Teff requires much labor throughout the planting, harvesting, and threshing processes. Teff also prefers waterlogged soil conditions and needs a fine seedbed preparation. The agro-climatic data analysis may indicate possible options for diversifying crops on these soils. The performance of different combinations of cropping systems under different rainfall distributions can be tested. Together with the seasonal rainfall forecasts, the probabilities can help to develop the various scenarios available to the farmers, whatever level of risk they choose. Some decisions that can be made affect the land preparation, crop and variety choice, fertilizer application rate, soil/water conservation measures, and disease and pest control practices. The potential of double cropping or crop choice according to the seasonal rainfall forecast and the development of water harvesting structures can maximize crop production in the area.
Potential yield and Crop Production Constraints
Vertisols are the soil with high potential for crop production, but their physical characteristics limit their use and full potential. In many highland vertisol areas, farmers overcome the waterlogging problem by planting on residual moisture toward the end of the rainy season. Using only part of the growing season leads to low crop yields and considerable erosion because fields are without vegetative cover for much of the time. Today, most farmers use the broad bed and furrow drainage system to overcome the waterlogging problem and plant crops early in the season.

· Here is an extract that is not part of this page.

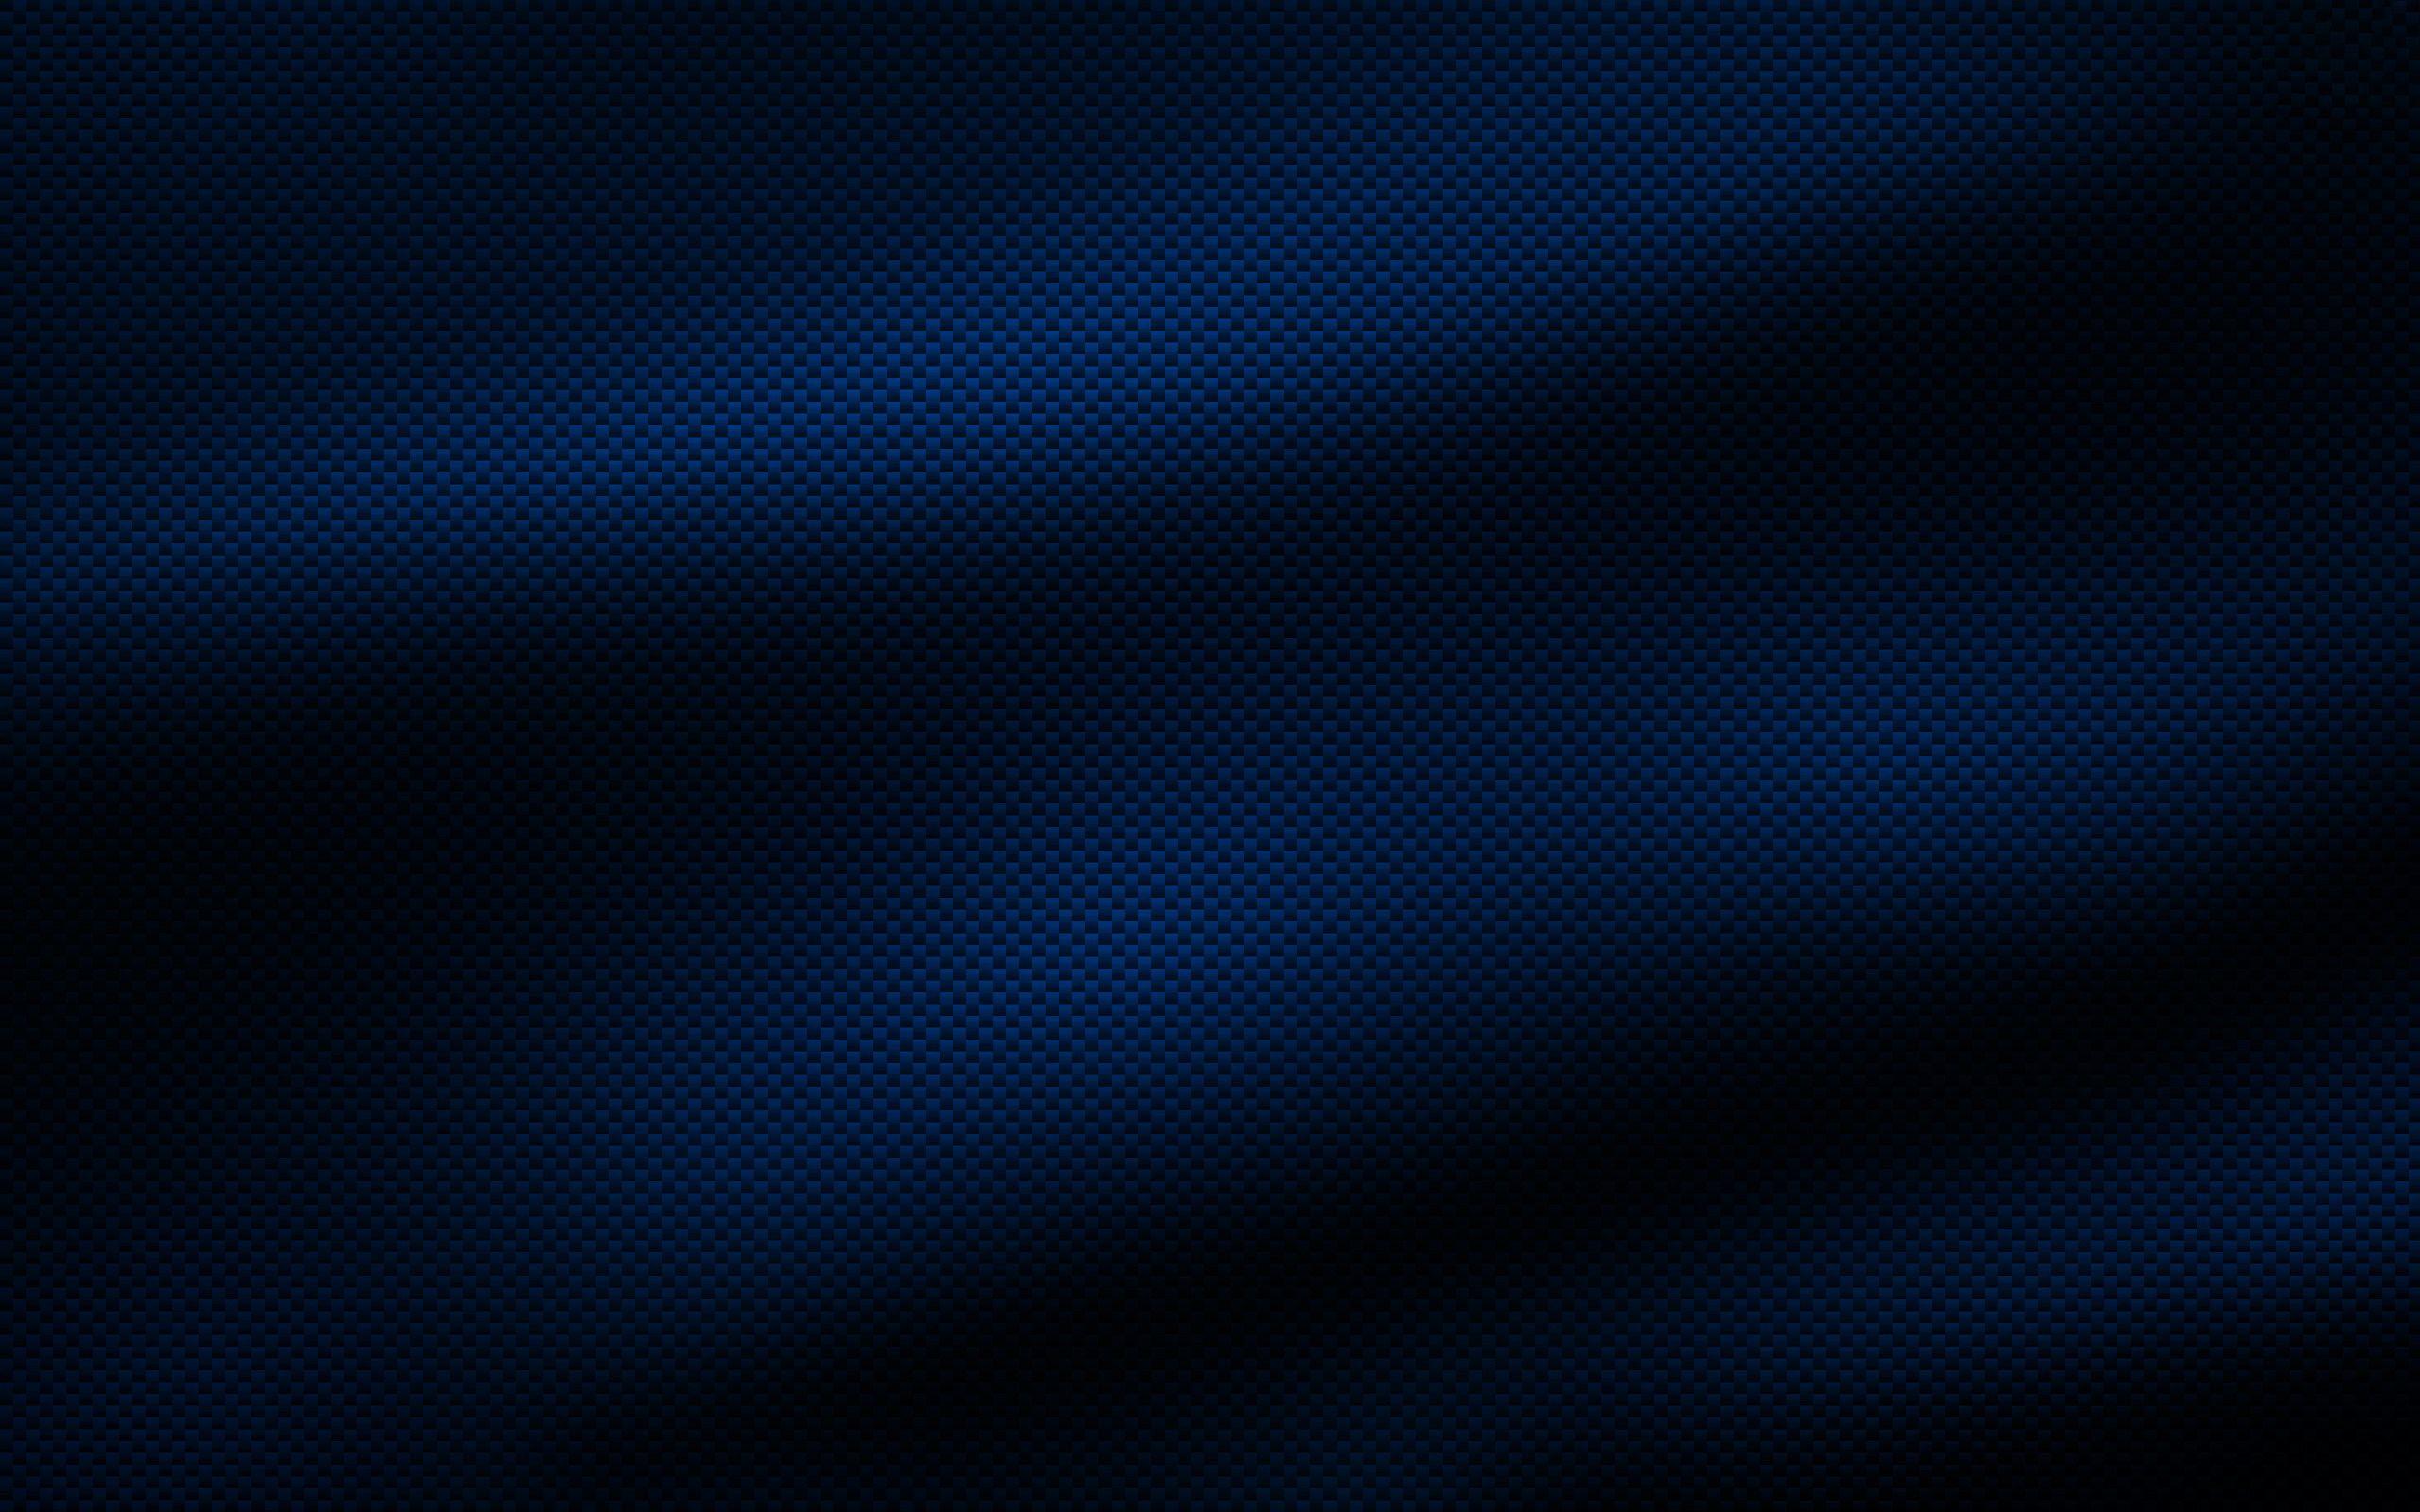 Blue Carbon Fiber Wallpaper HD Free Download

However, the yield of crops grown on these soils is still much lower compared to other developing countries. To analyze the rainfall-soil-yield relationships, 20 years of rainfall and wheat yield data were taken, and regression analyses were performed (data not shown).

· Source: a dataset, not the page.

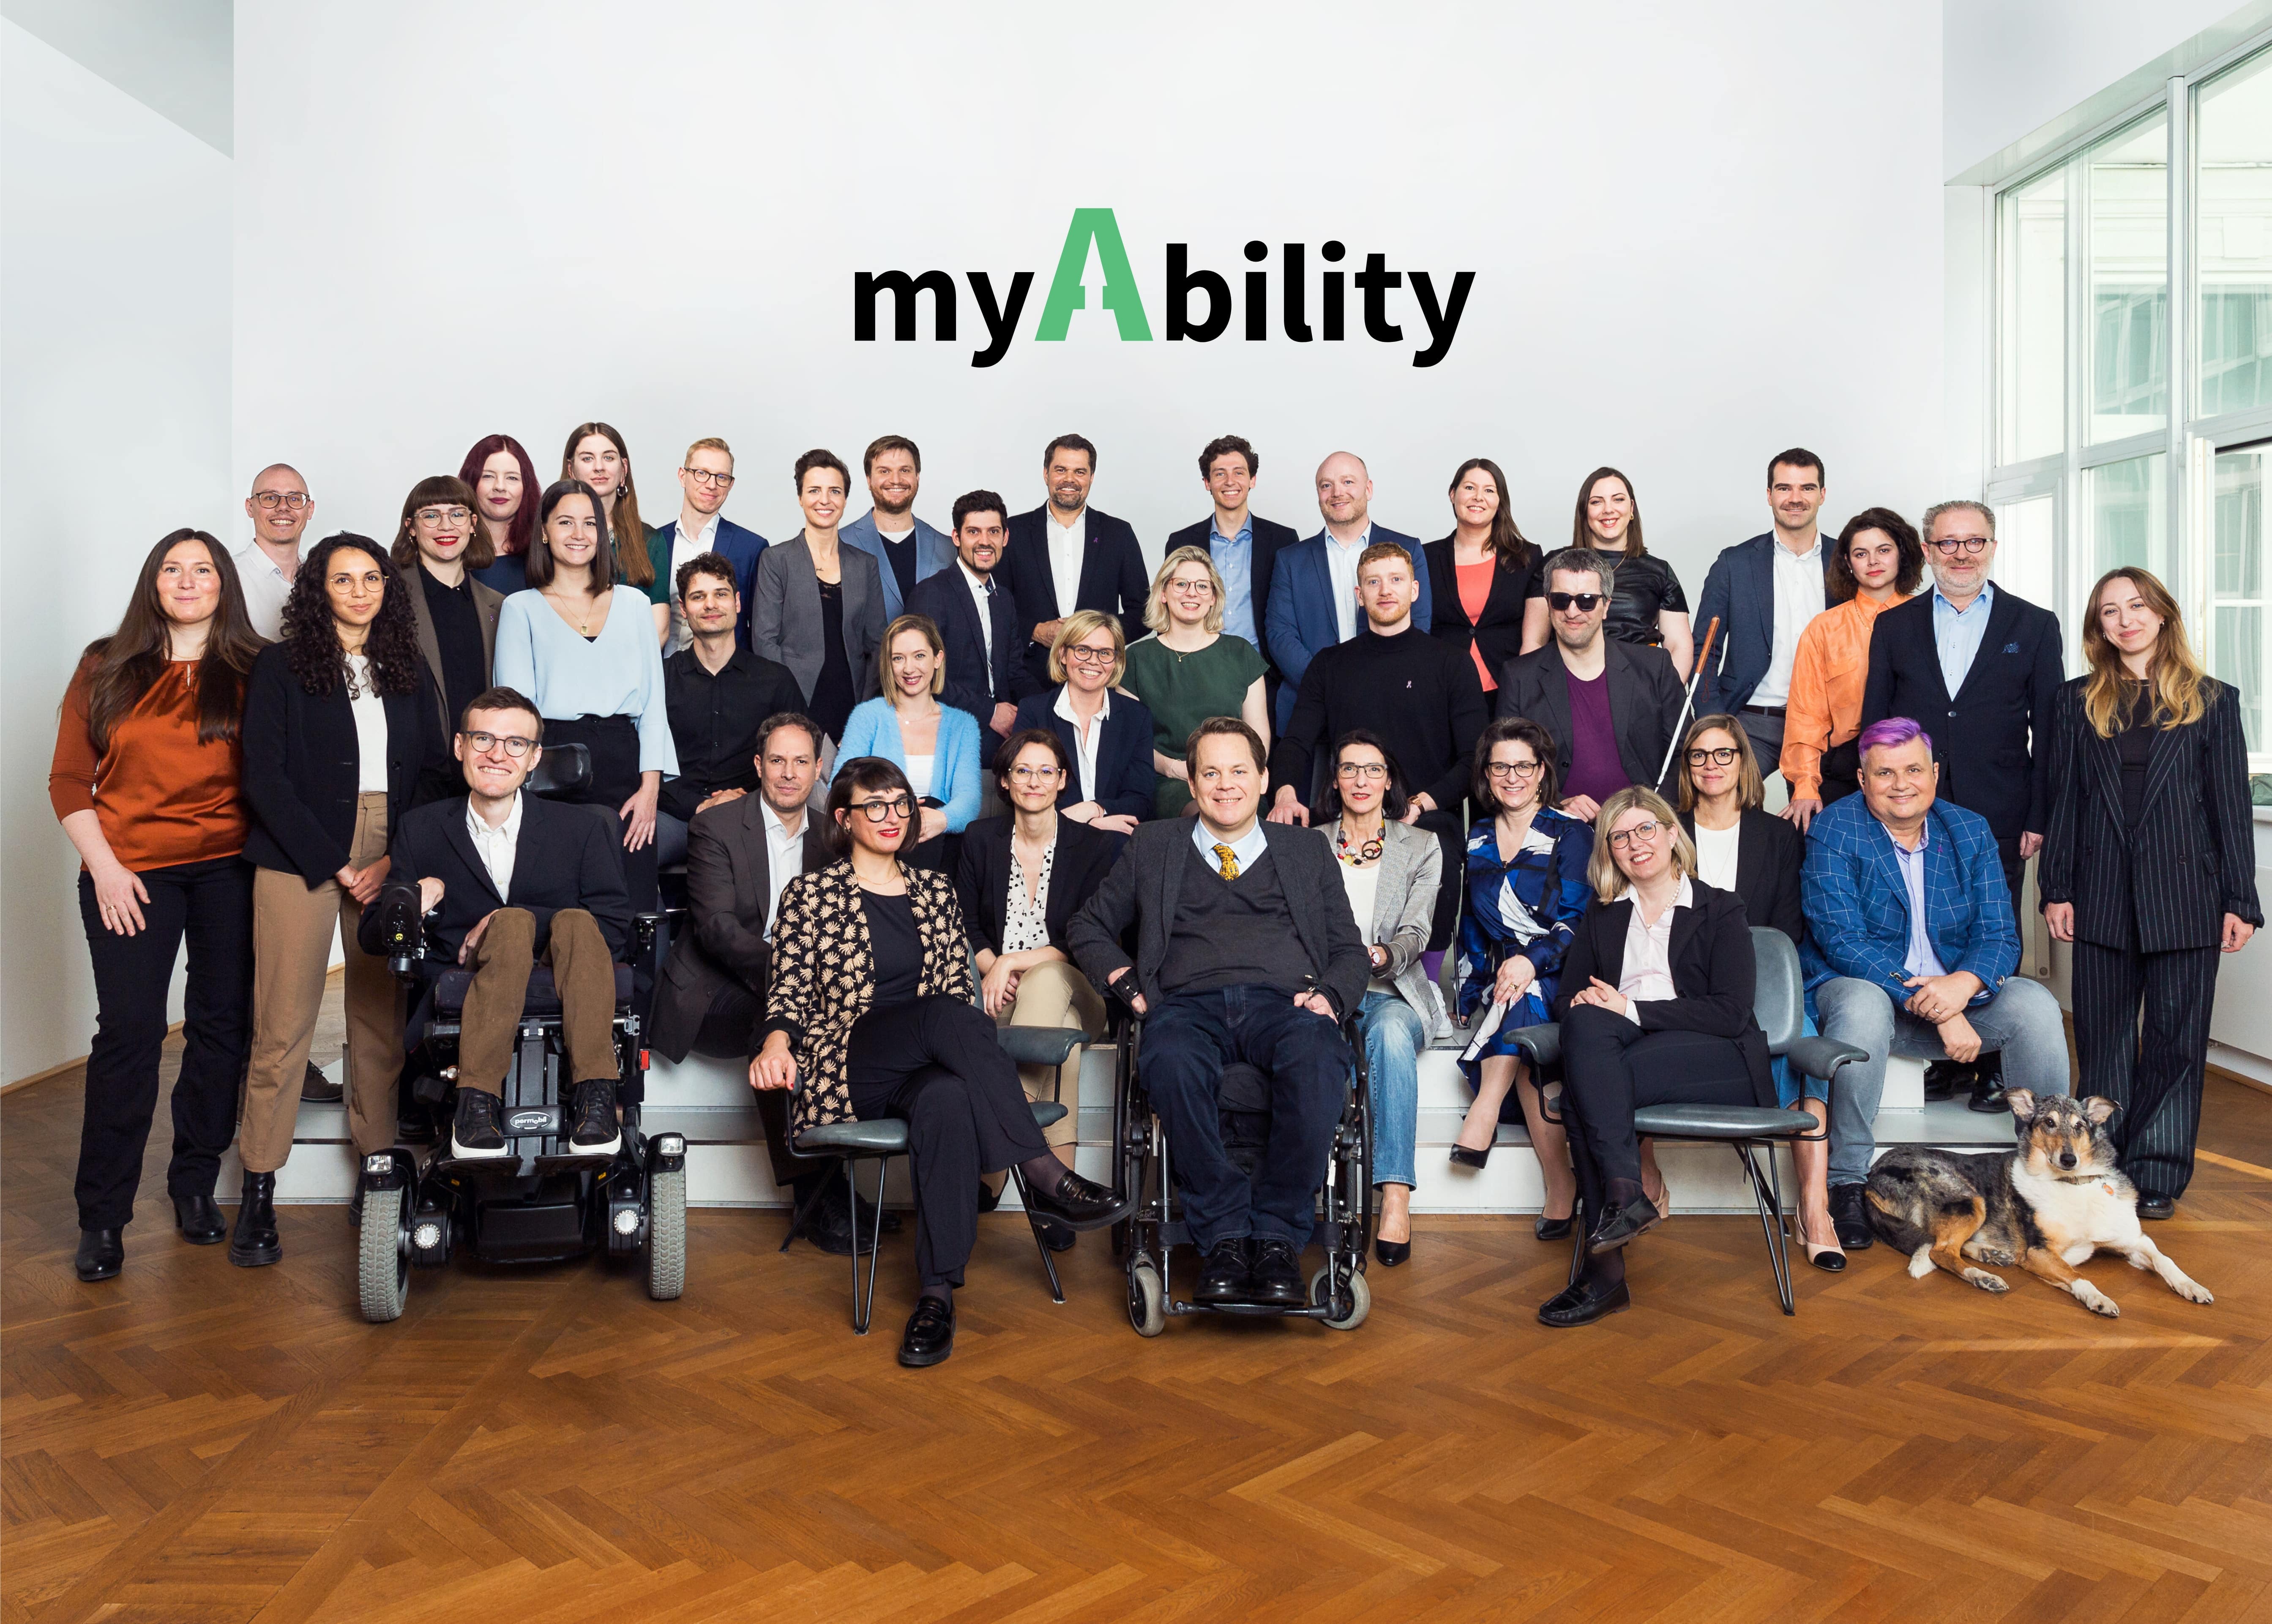 Teamfoto der myAbility Mitarbeiter und Mitarbeiterinnen

However, it turned out that the relationship between crop production and total annual or growing season rainfall was so weak that it could not adequately convey the effects of rainfall variability on crop productivity. Rainfall throughout the growing season, particularly rainfall in June, July, August, and September, has a little link with crop productivity. The linear model approach’s key flaws were that it could not distinguish between negative and positive effects while also recognizing a wider range of years with normal or around normal yield levels. However, in certain years, negative yield anomalies signified rainfall’s negative impacts, just as in other years, positive anomalies signified positive impacts. On Vertisols, negative impacts of climate are more likely to result from excess rainfall and poor drainage system during the crop growing period. For wheat, positive climate impacts were recorded in 1993, 1995, and 1997. In the other year’s crop yield anomalies did not attain the levels at which they could be considered impacts. This is not sufficient for forecasting crop yields or the impacts of climate. As most Ethiopian agriculture is rain-fed and crop-livestock integration is very high, yield reduction due to rainfall variability affects the whole farming system.